_Your task_
Given these entries, repeat exactly the lines starting with the one that has "Een uit zes" and going on through the one that has "cimb-new rm10 notes-1", both included, but none of the pictures.

_Information shown_
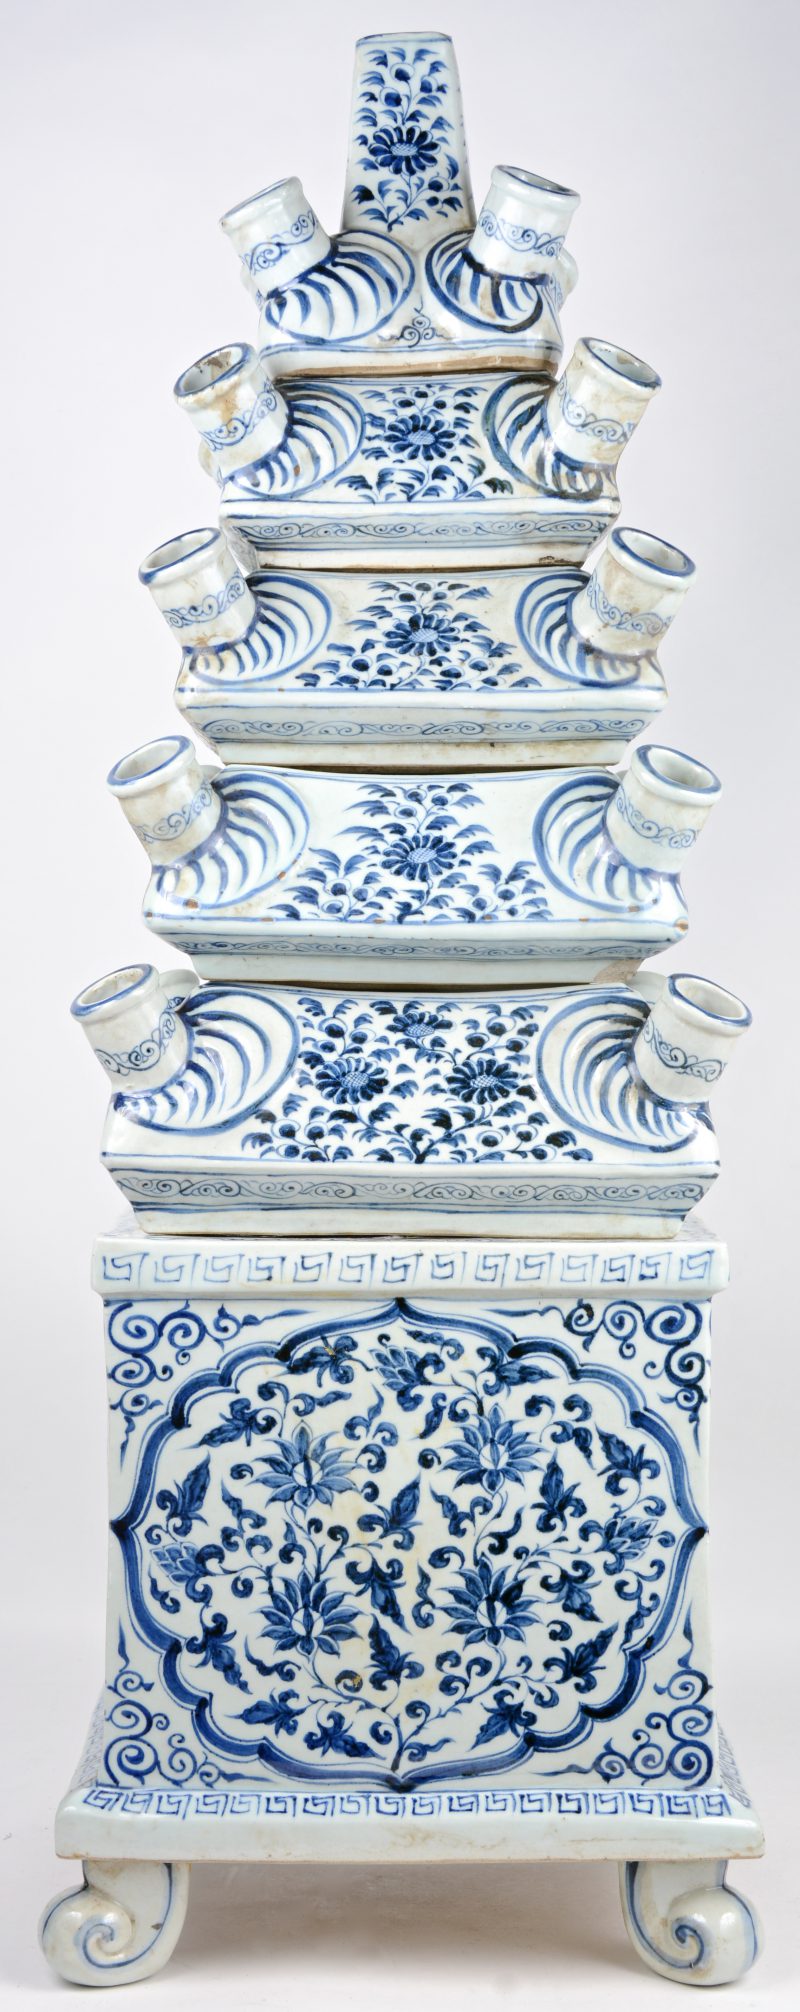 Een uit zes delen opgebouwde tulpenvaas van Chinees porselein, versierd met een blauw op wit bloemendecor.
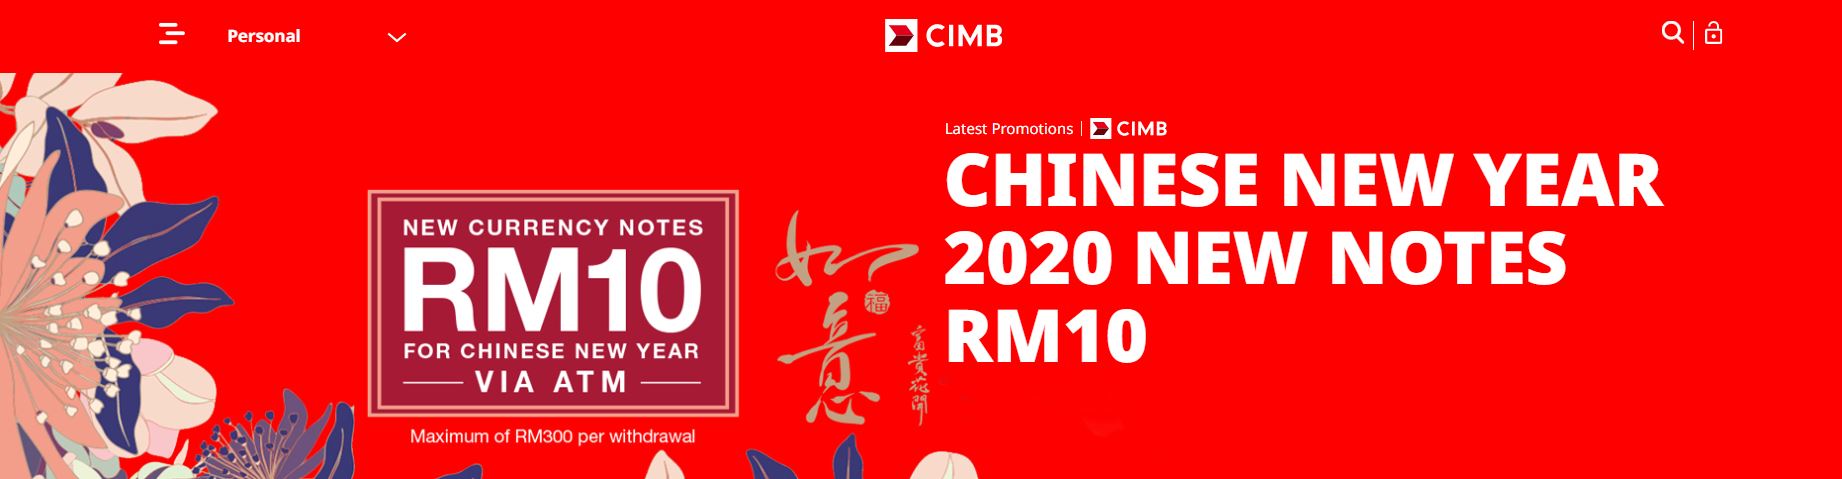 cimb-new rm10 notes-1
---
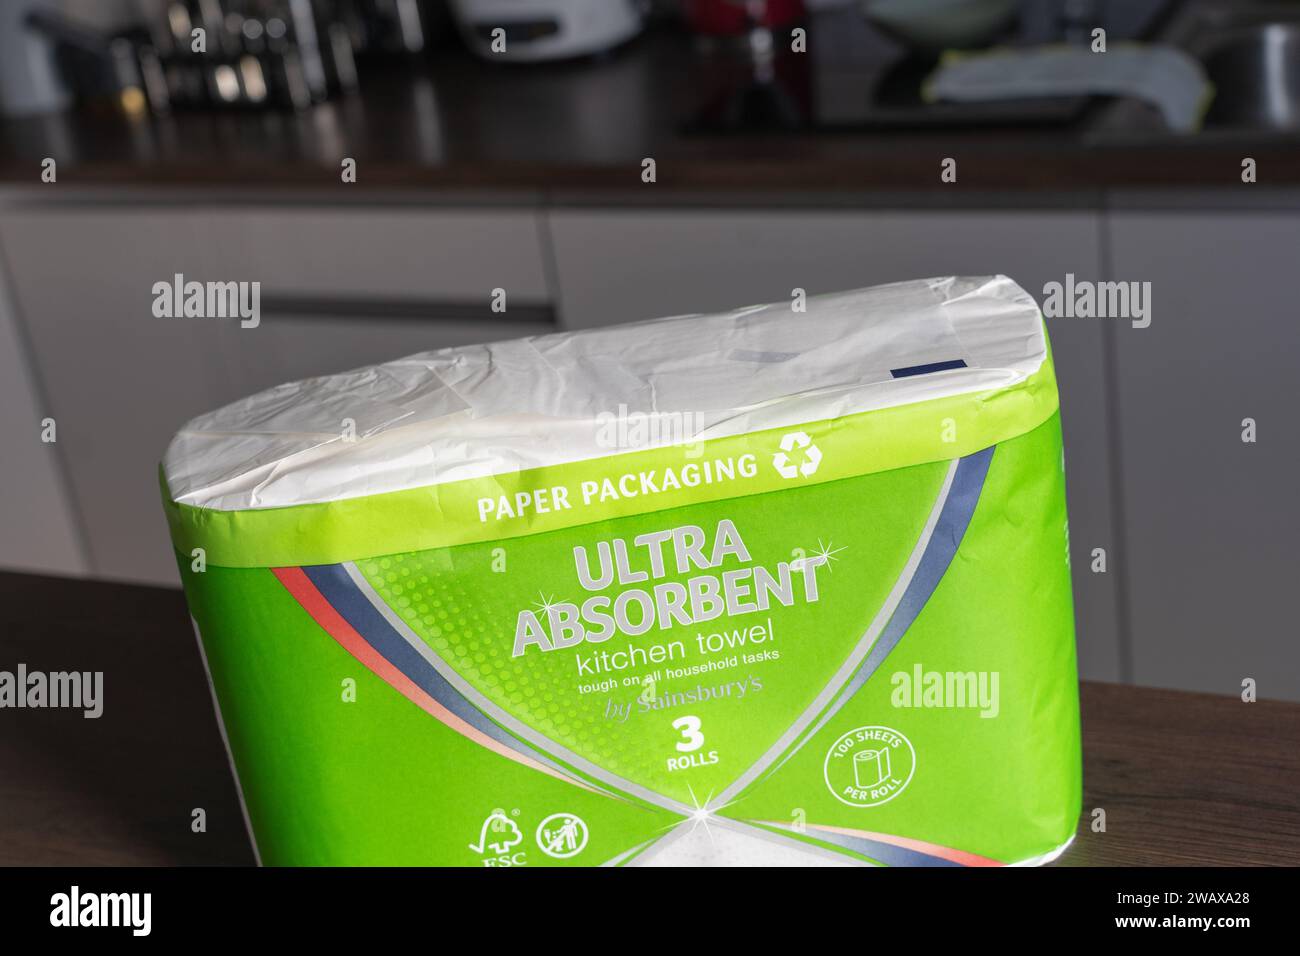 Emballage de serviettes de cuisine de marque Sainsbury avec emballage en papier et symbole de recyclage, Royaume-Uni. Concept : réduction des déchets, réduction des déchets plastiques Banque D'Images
...
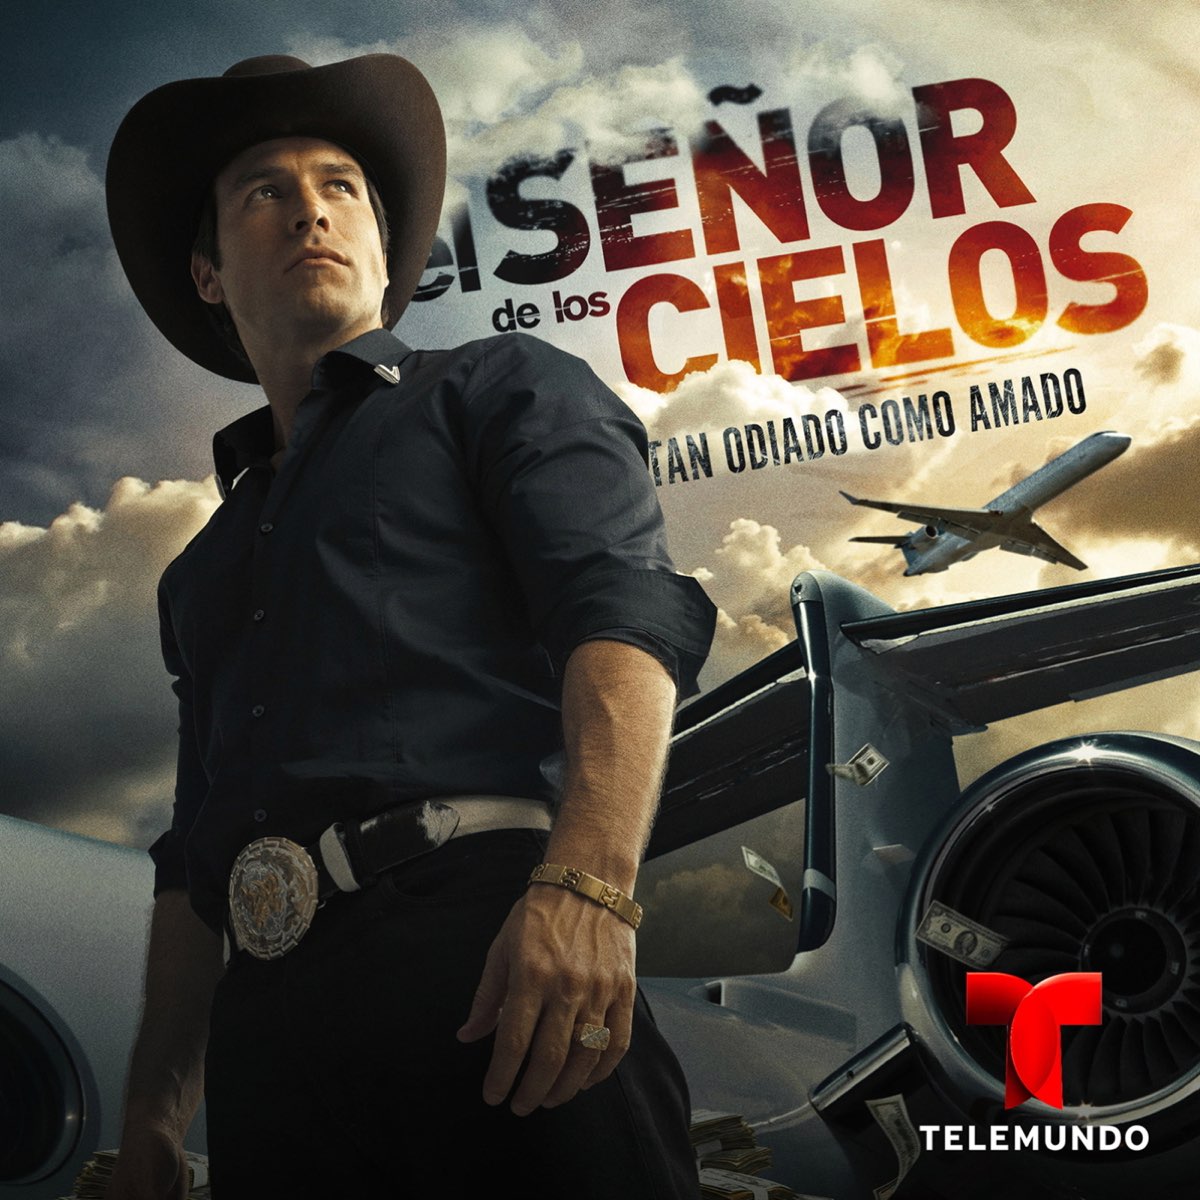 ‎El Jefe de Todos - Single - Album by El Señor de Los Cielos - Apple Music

_Written response_
 Een uit zes delen opgebouwde tulpenvaas van Chinees porselein, versierd met een blauw op wit bloemendecor.
 cimb-new rm10 notes-1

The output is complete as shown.